Piecewise constraint in Pytorch

Let’s say I am predicting a quaternion. How do I implement this piecewise constraint that is conditioned on the scalar/real “w” (for quaternion = [x,y,z,w]).

In Python:

def positive_real_quat(quat):
    """
    Flip quaternion to positive real hemisphere so there is a single quaternion describing each rotation

    :param quat: [x,y,z,w]
    :return:
    """
    x, y, z, w =quat
    if w >= 0:
        return quat
    else:
        return -quat

But I need the above code to be differentiable as the final function in my neural network. How do I do it?

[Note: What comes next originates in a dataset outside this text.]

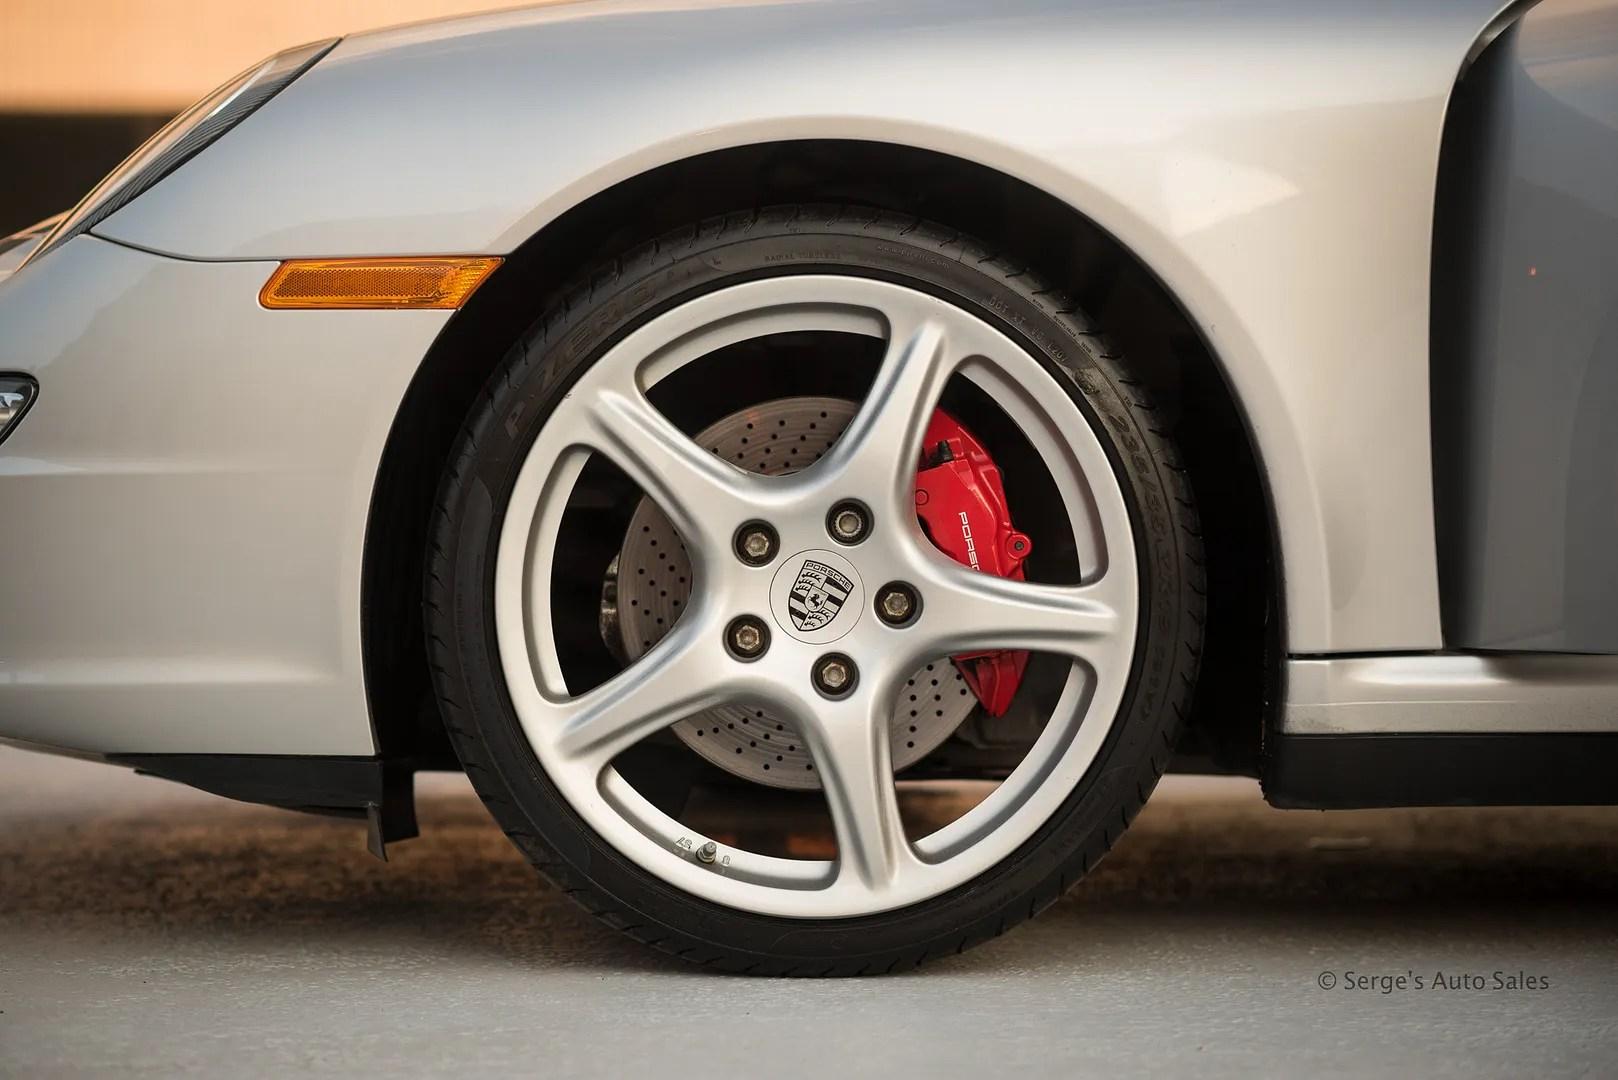 photo Serges-auto-sales-porsche-911-for-sale-scranton-pennsylvania-46_zpshvt9fmqd.jpg

Since you are only multiplying with -1 for a negative w, your function should not break the computation graph.
I’ve changed the input to a tensor and it seems to work fine:

def positive_real_quat(quat):
    x, y, z, w = quat.split(1, 1)
    if w >= 0:
        return quat
    else:
        return -quat
    
# Positive
x1 = torch.tensor([[1., 1., 1., 1.]], requires_grad=True)
out1 = positive_real_quat(x1)
out1.mean().backward()
# Check grad
print(x1.grad)
> tensor([[0.2500, 0.2500, 0.2500, 0.2500]])

# Negative
x2 = torch.tensor([[1., 1., 1., -1.]], requires_grad=True)
out2 = positive_real_quat(x2)
out2.mean().backward()
# Check grad
print(x2.grad)
> tensor([[-0.2500, -0.2500, -0.2500, -0.2500]])
1 Like

It seems to be saying that you can always “differentiate” through if else conditionals because you only pass the gradient through the conditional that is selected… kind of like how max is differentiable because you only pass the gradient through the maximum value…

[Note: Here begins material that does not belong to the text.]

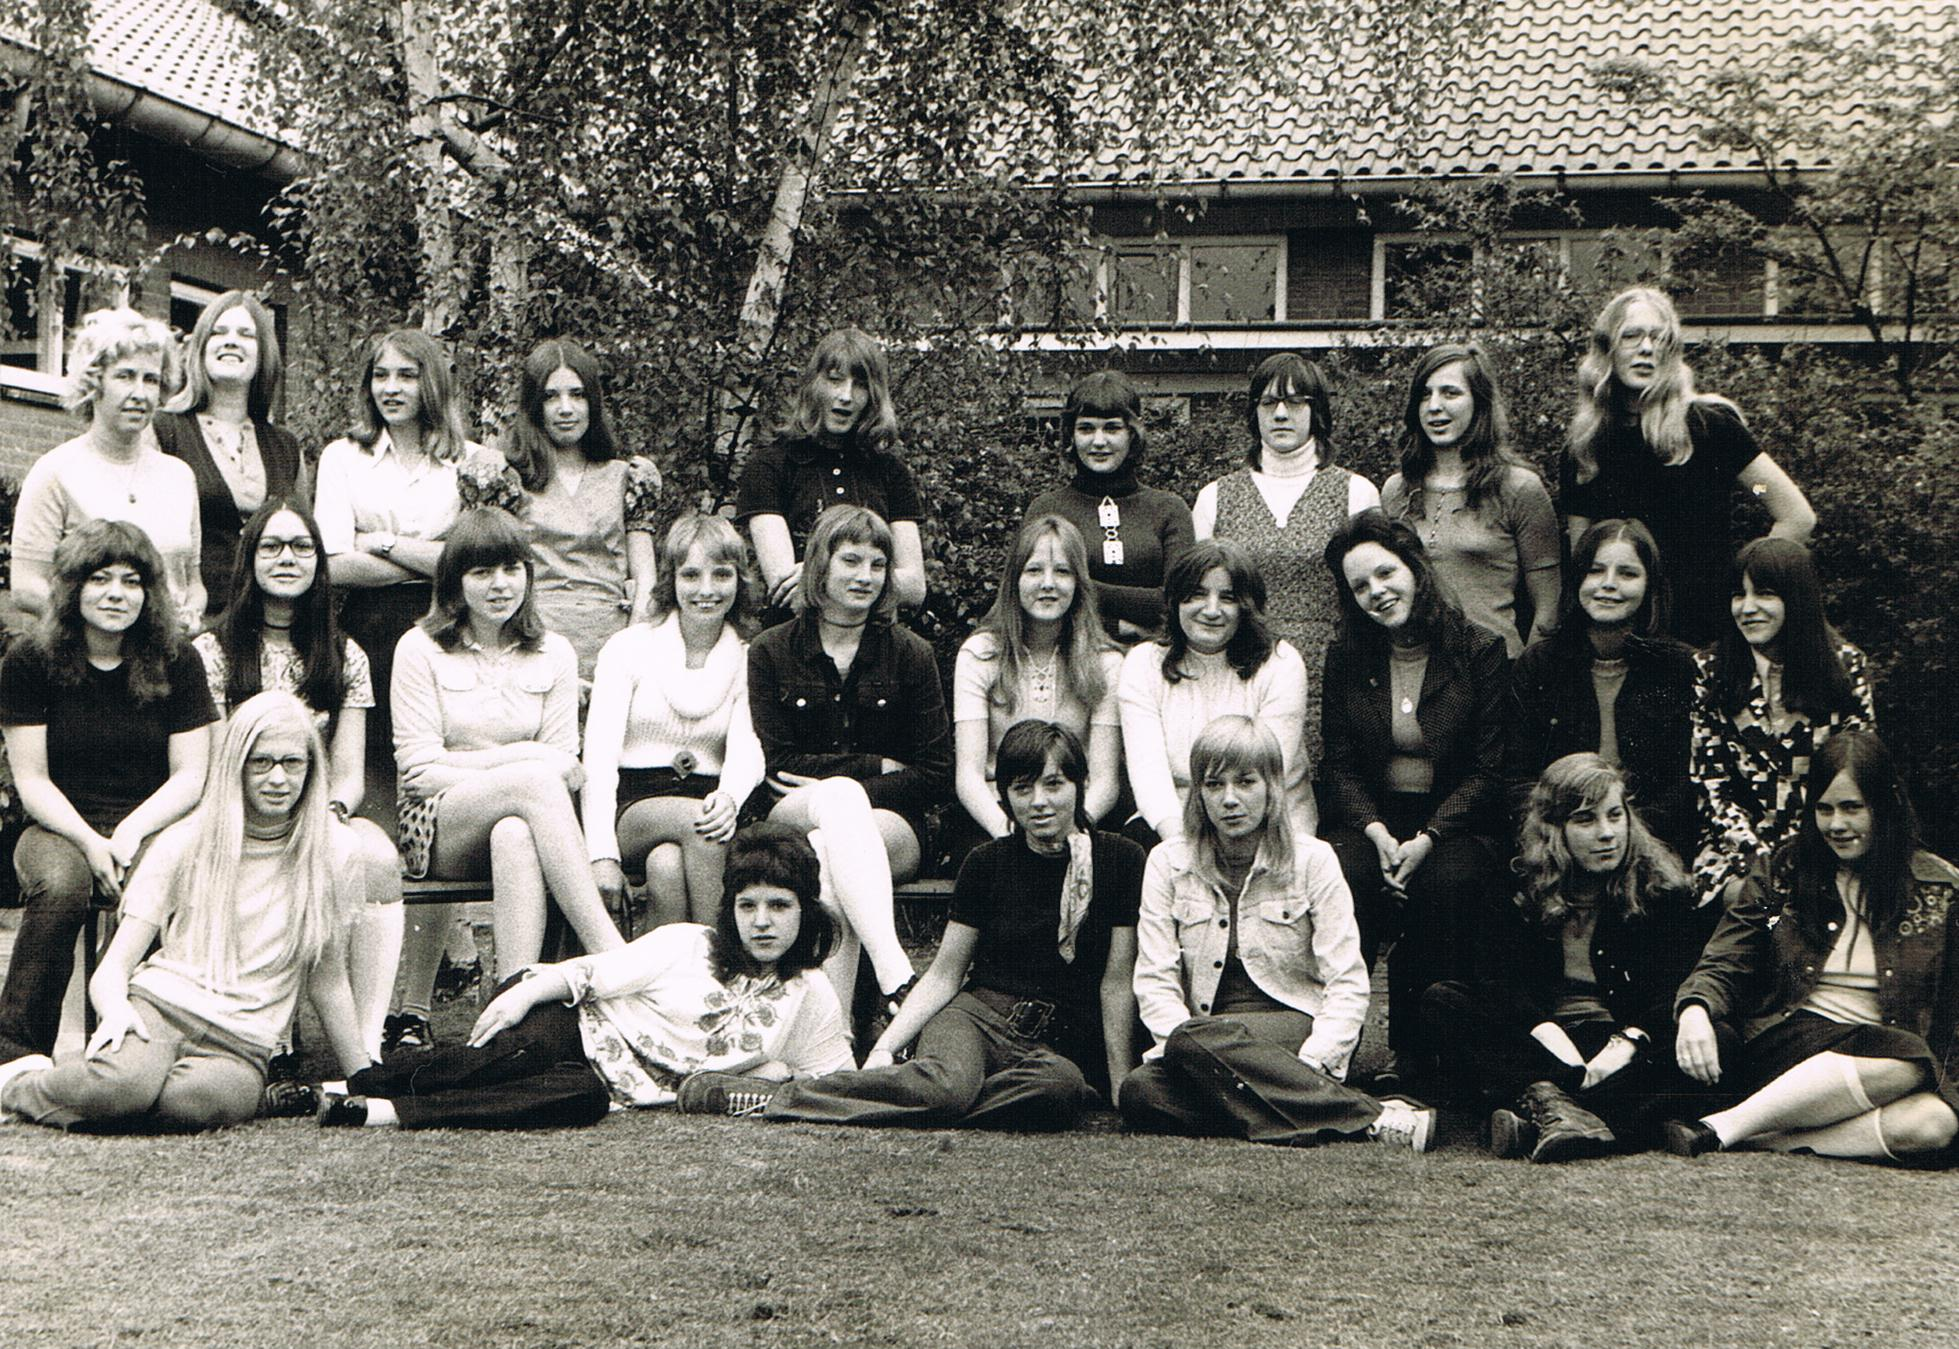 Amstelveense Huishoudschool foto

Are there any cases where program logic is not differentiable?

Note that torch.max and your approach are a bit different.
While torch.max works on a tensor and will pass the gradient to the max value (as you’ve explained), your approach would create different computation graphs.
Since PyTorch creates the computation graph (which is used to calculate the gradients in the backward pass) dynamically, you can use plain Python conditions, loops, etc. in your code.

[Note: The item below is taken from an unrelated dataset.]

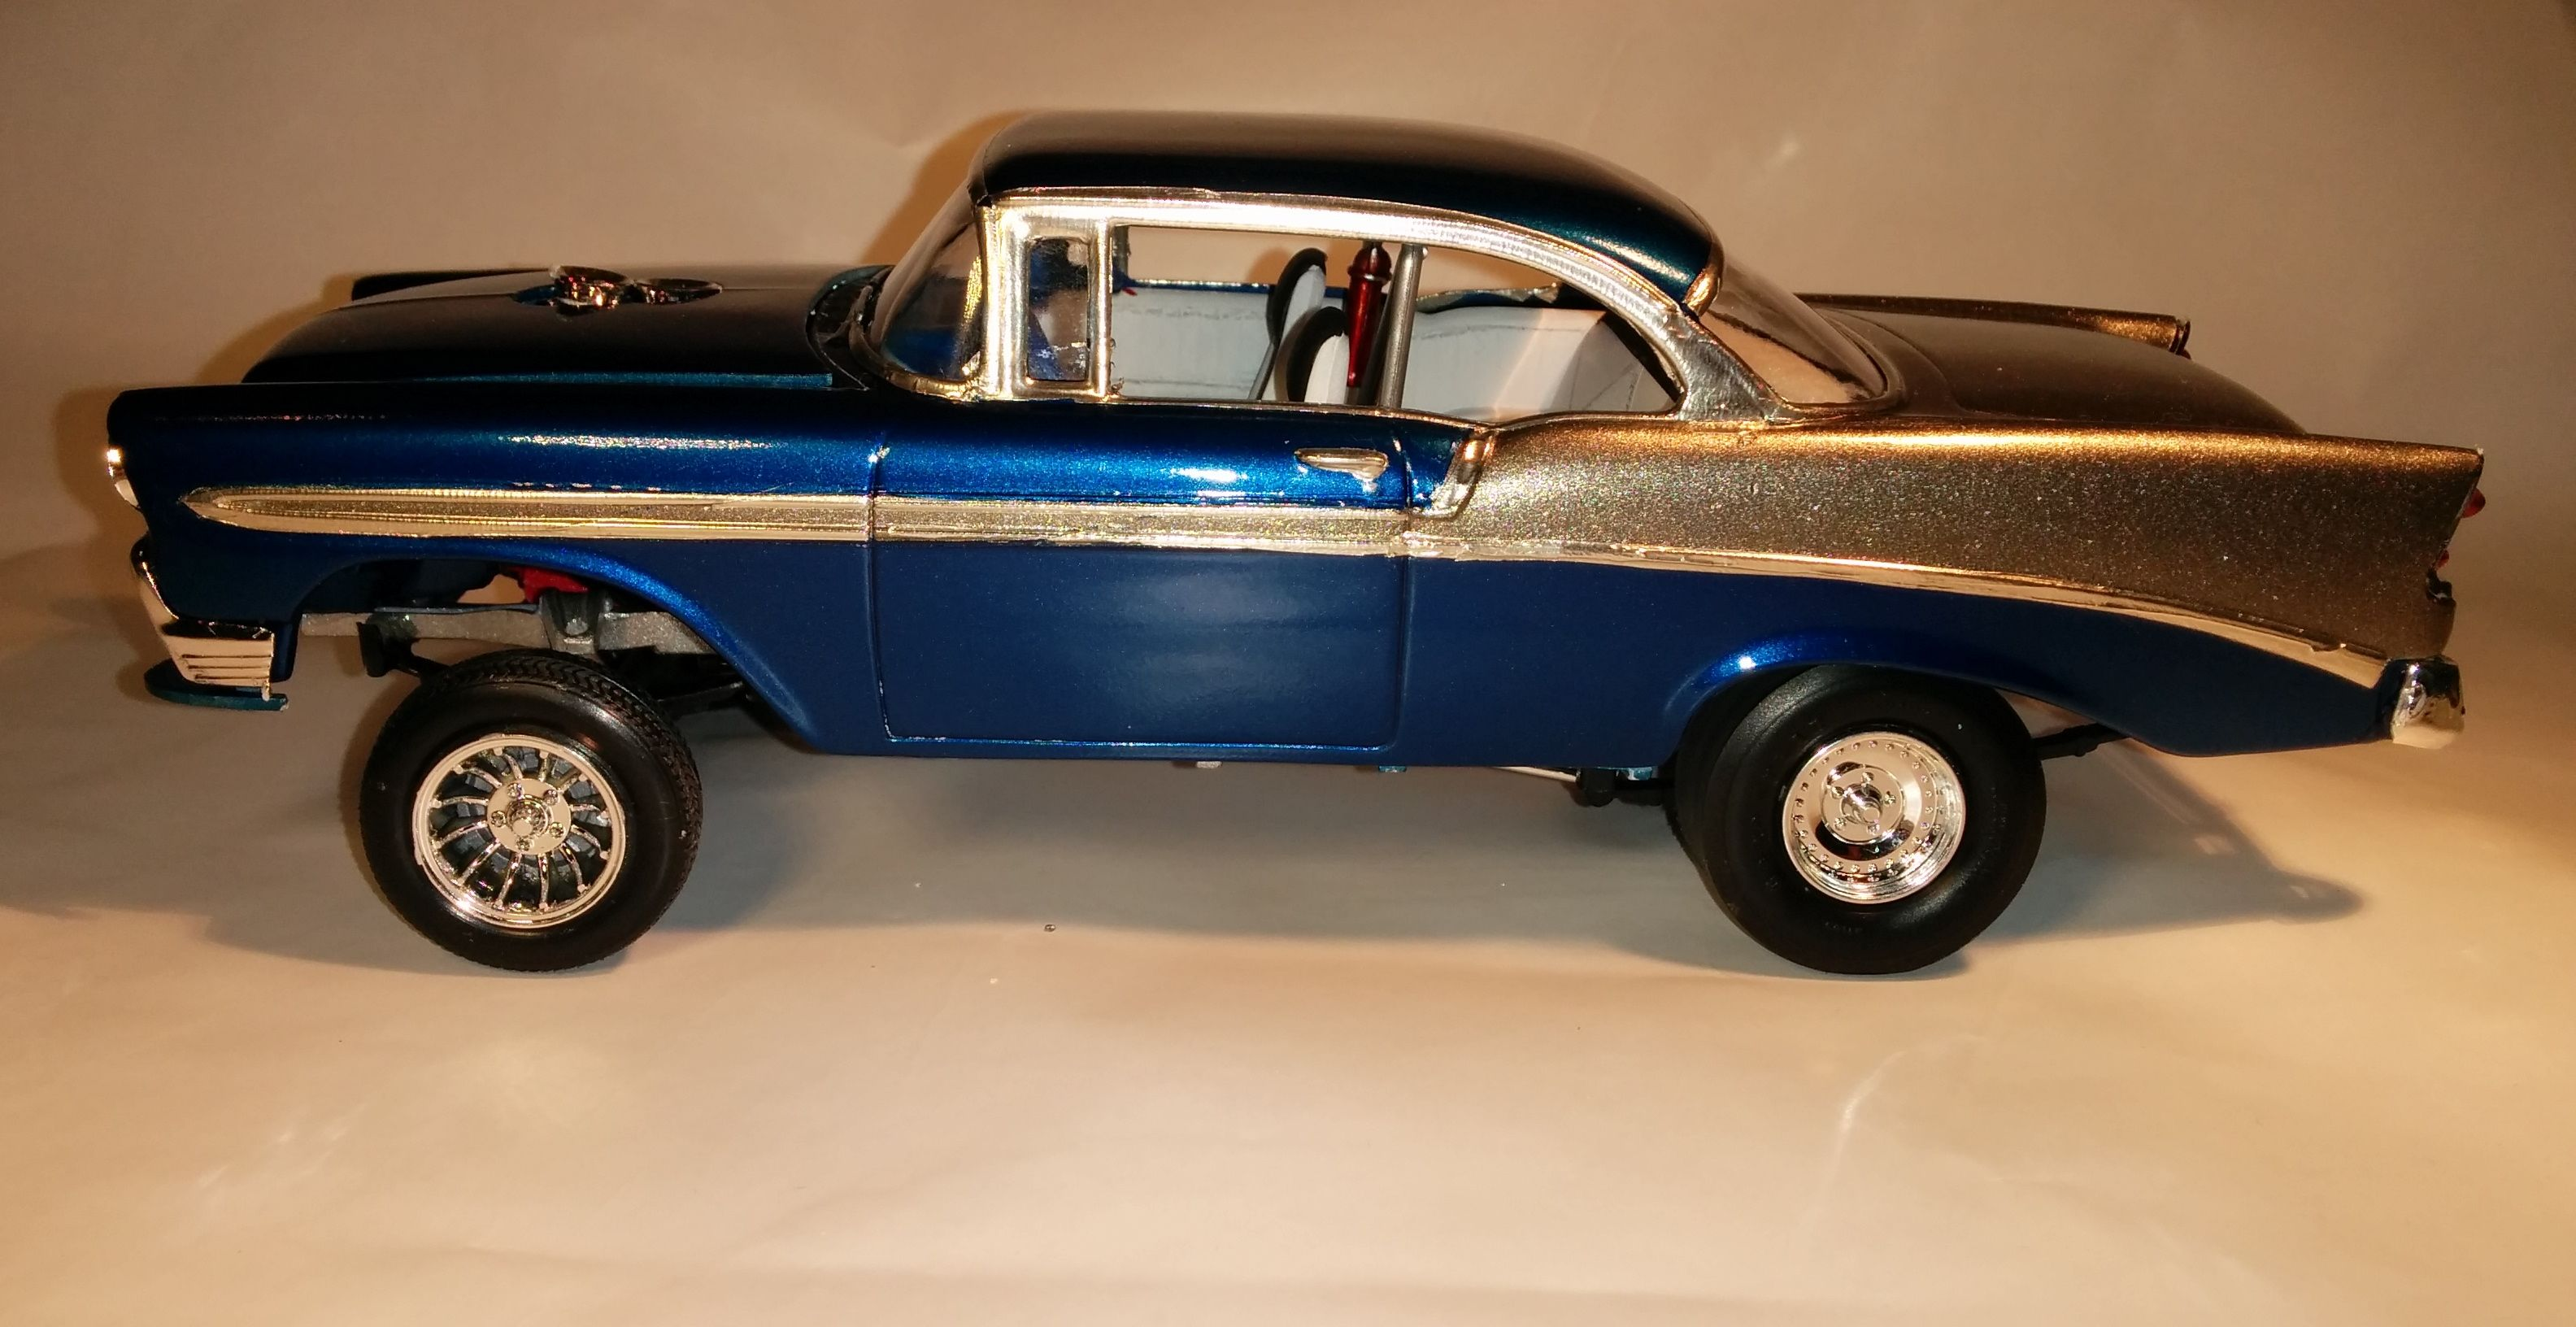 1956 chevy bel air gasser scale model cars cars trucks scale rh pinterest com

I guess what I’m looking for is some rigorous argument that gradient descent will minimize a computation graph that contains Python conditions and logic.

Hi, I am also very interested in this question. We are trying to implement a “custom” (to our problem) piecewise function using simple if/else logic. Simplified example; we create torch parameters (a,b,c and d) and say that e.g. “if input < 5: value = ainput + b, else: value = cinput + d”.

The backpropagation and optimization seems to only give gradients for some of the values though, although we know that some of the inputs are in the different “ranges” (we have inputs both over and under 5, following the example above).

Will Pytorch accept such a function and the backpropagation + optimization (SGD) algorithm actually work for our function?